:: What to produce ::
Each line of the material should be set down exactly. Pictures are not part of the copy.

:: Supplied material ::
++++++++++

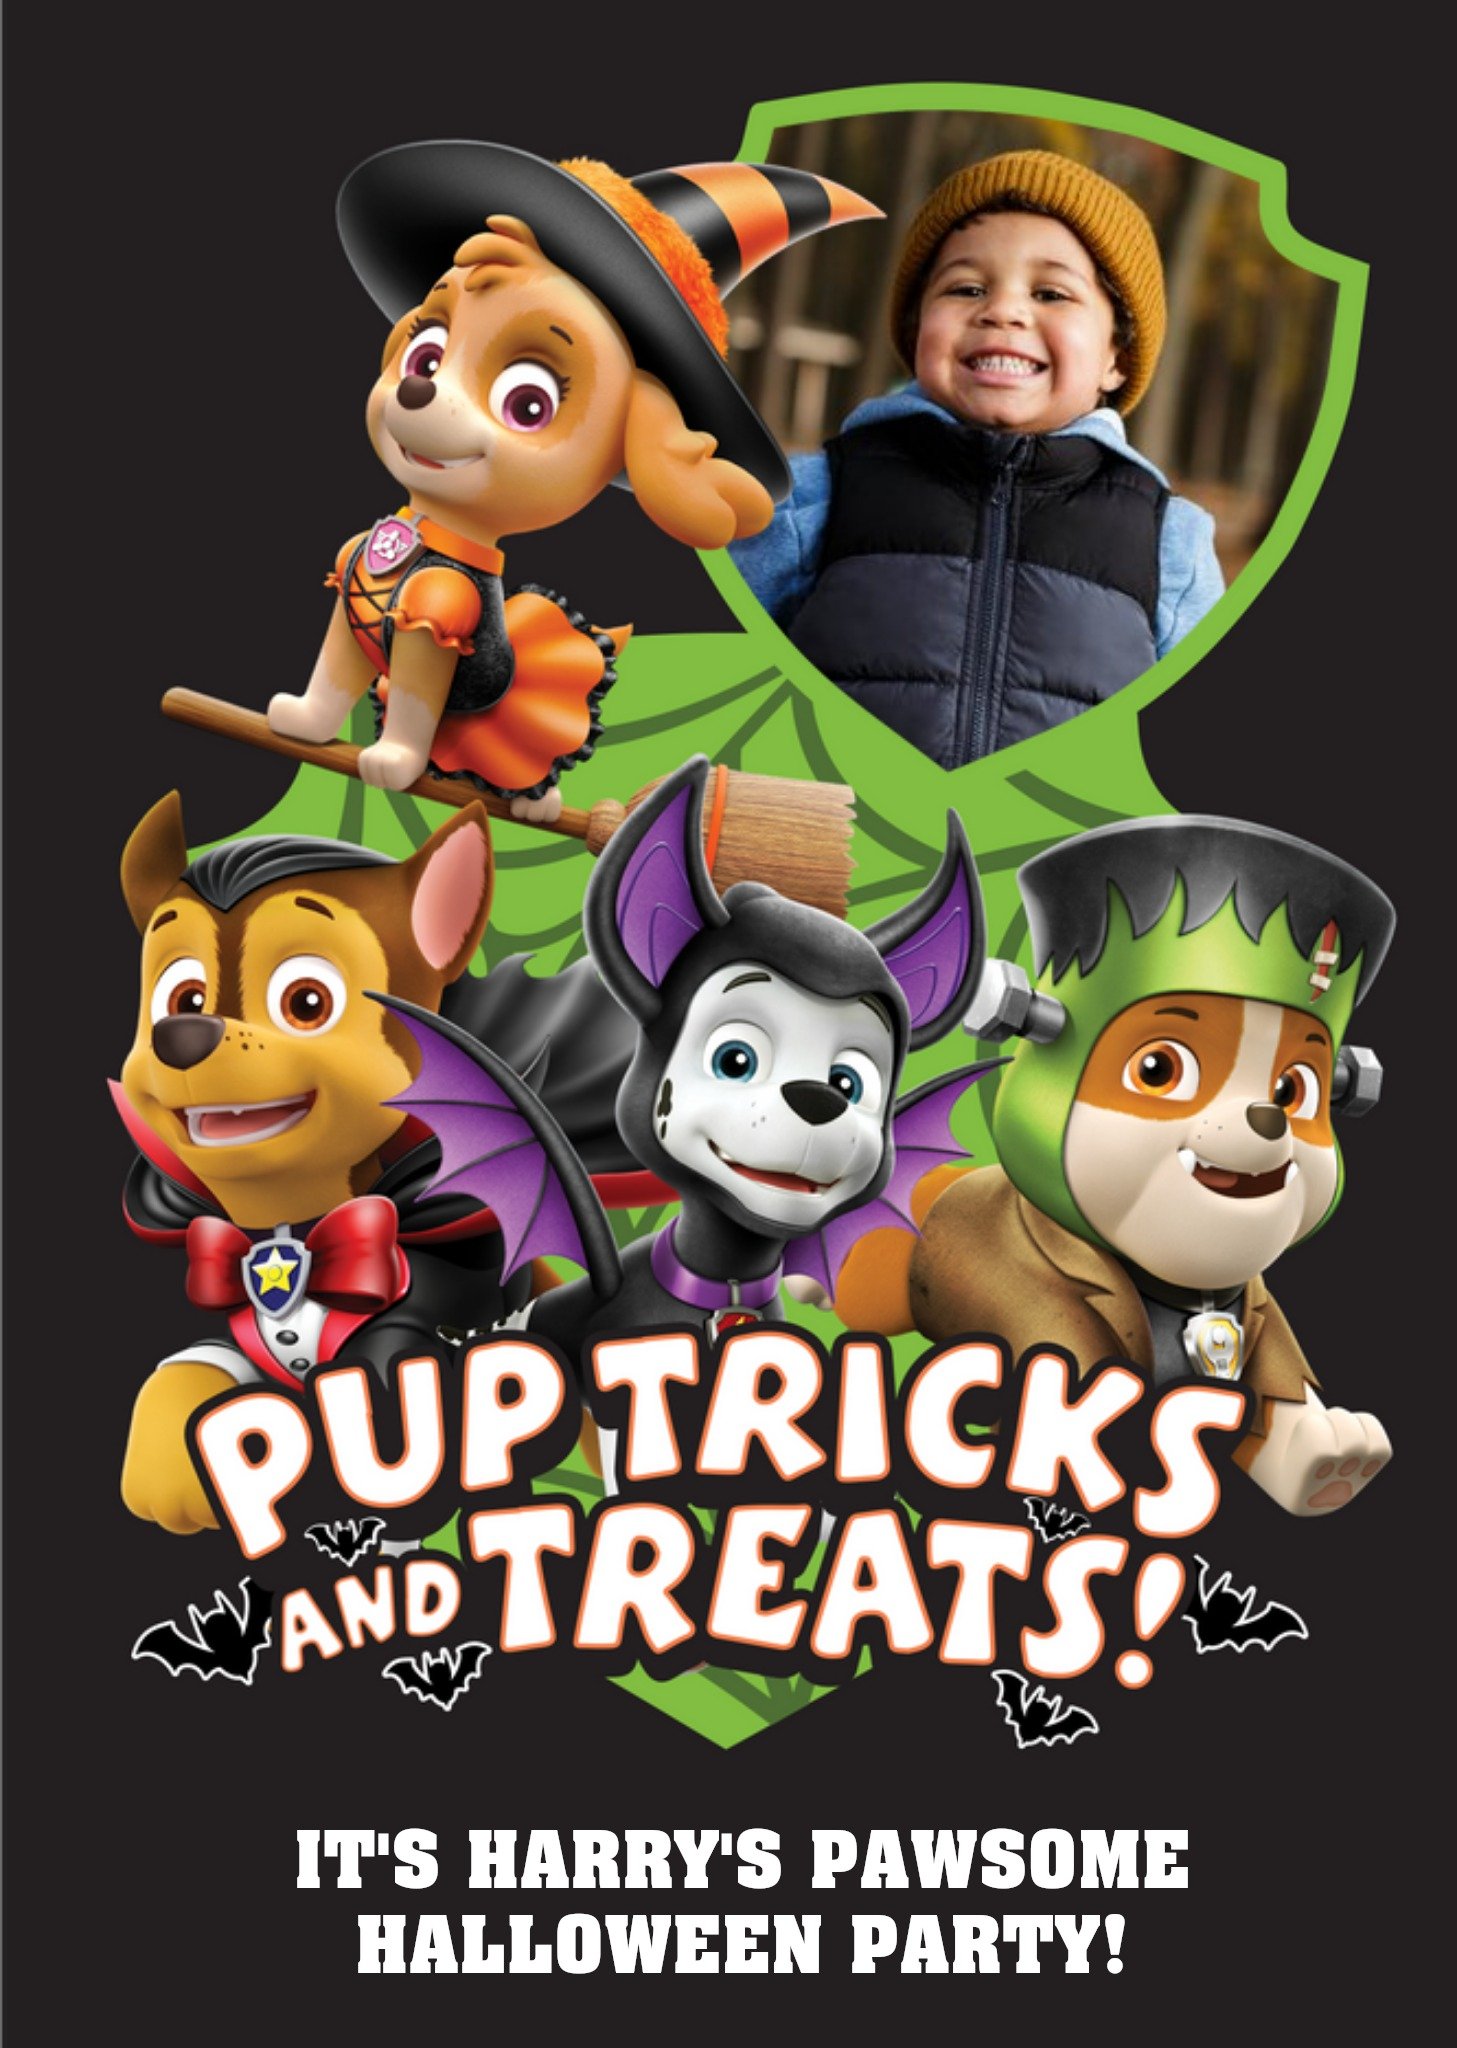 Paw Patrol Pup Tricks And Treats Personalised Halloween Party Invitation, Standard Card
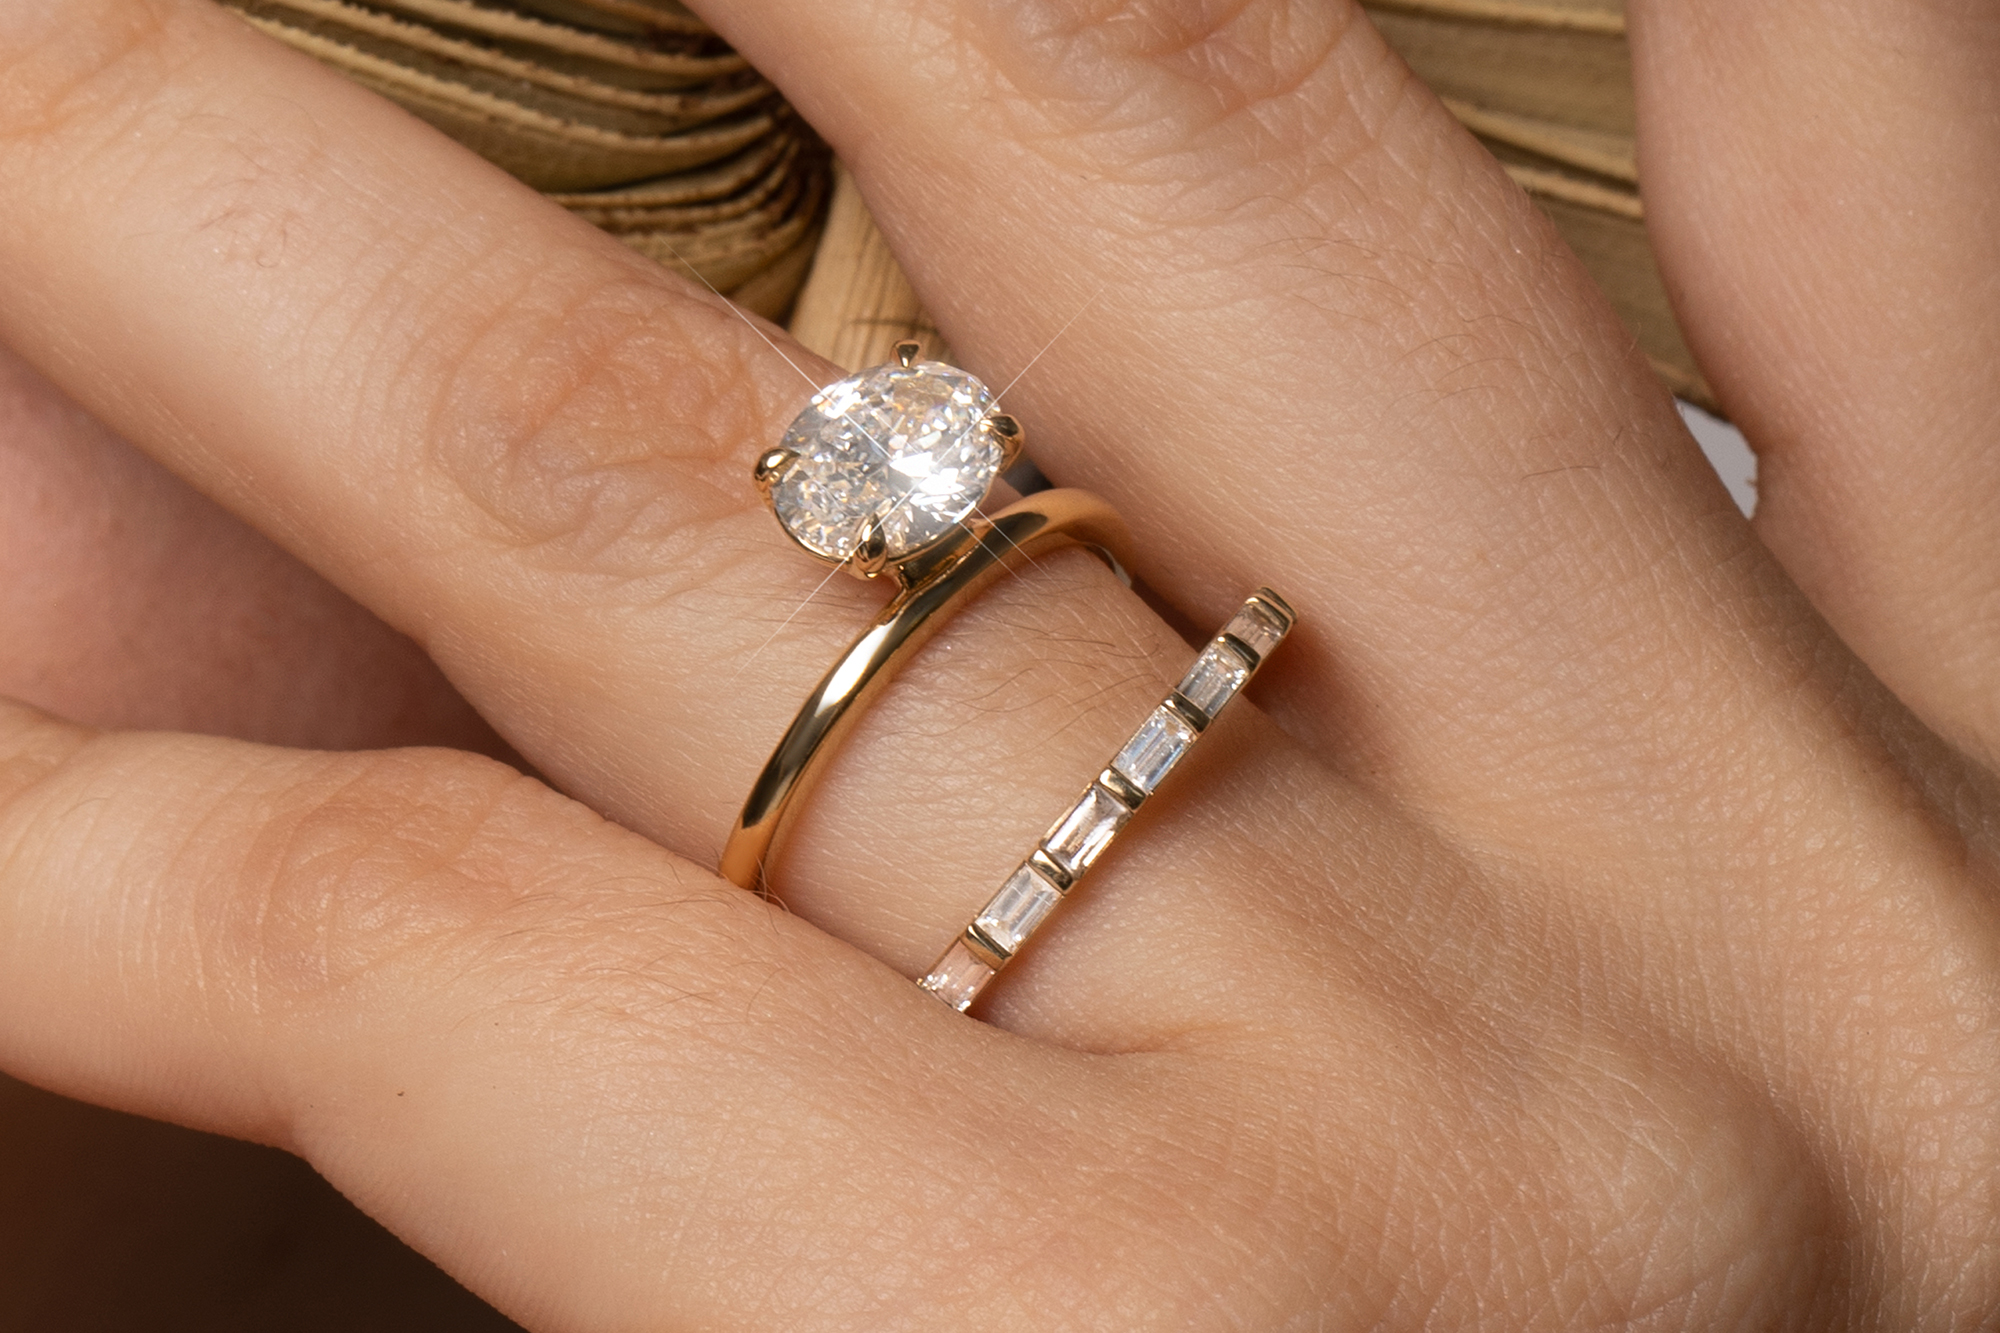 How to Keep Wedding Rings and Engagement Rings Together
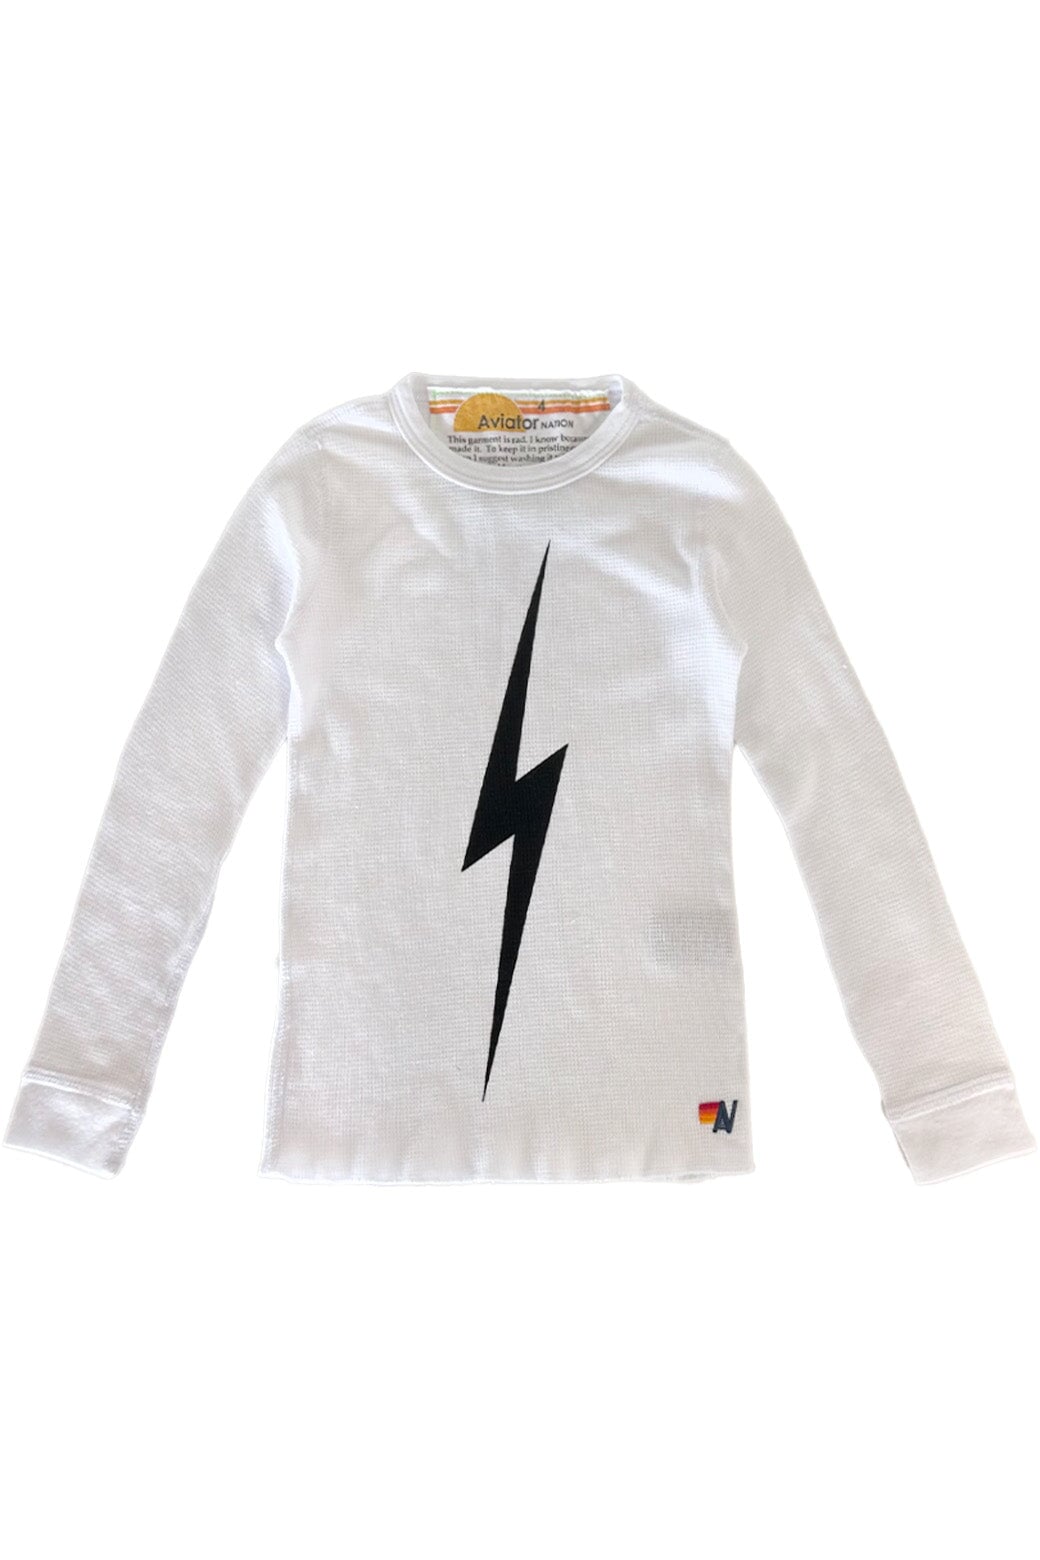 KID&#39;S BOLT THERMAL - WHITE Kid&#39;s Thermal Aviator Nation

++++++++++

:: Task answer ::
 Paw Patrol Pup Tricks And Treats Personalised Halloween Party Invitation, Standard Card
 How to Keep Wedding Rings and Engagement Rings Together
 KID&#39;S BOLT THERMAL - WHITE Kid&#39;s Thermal Aviator Nation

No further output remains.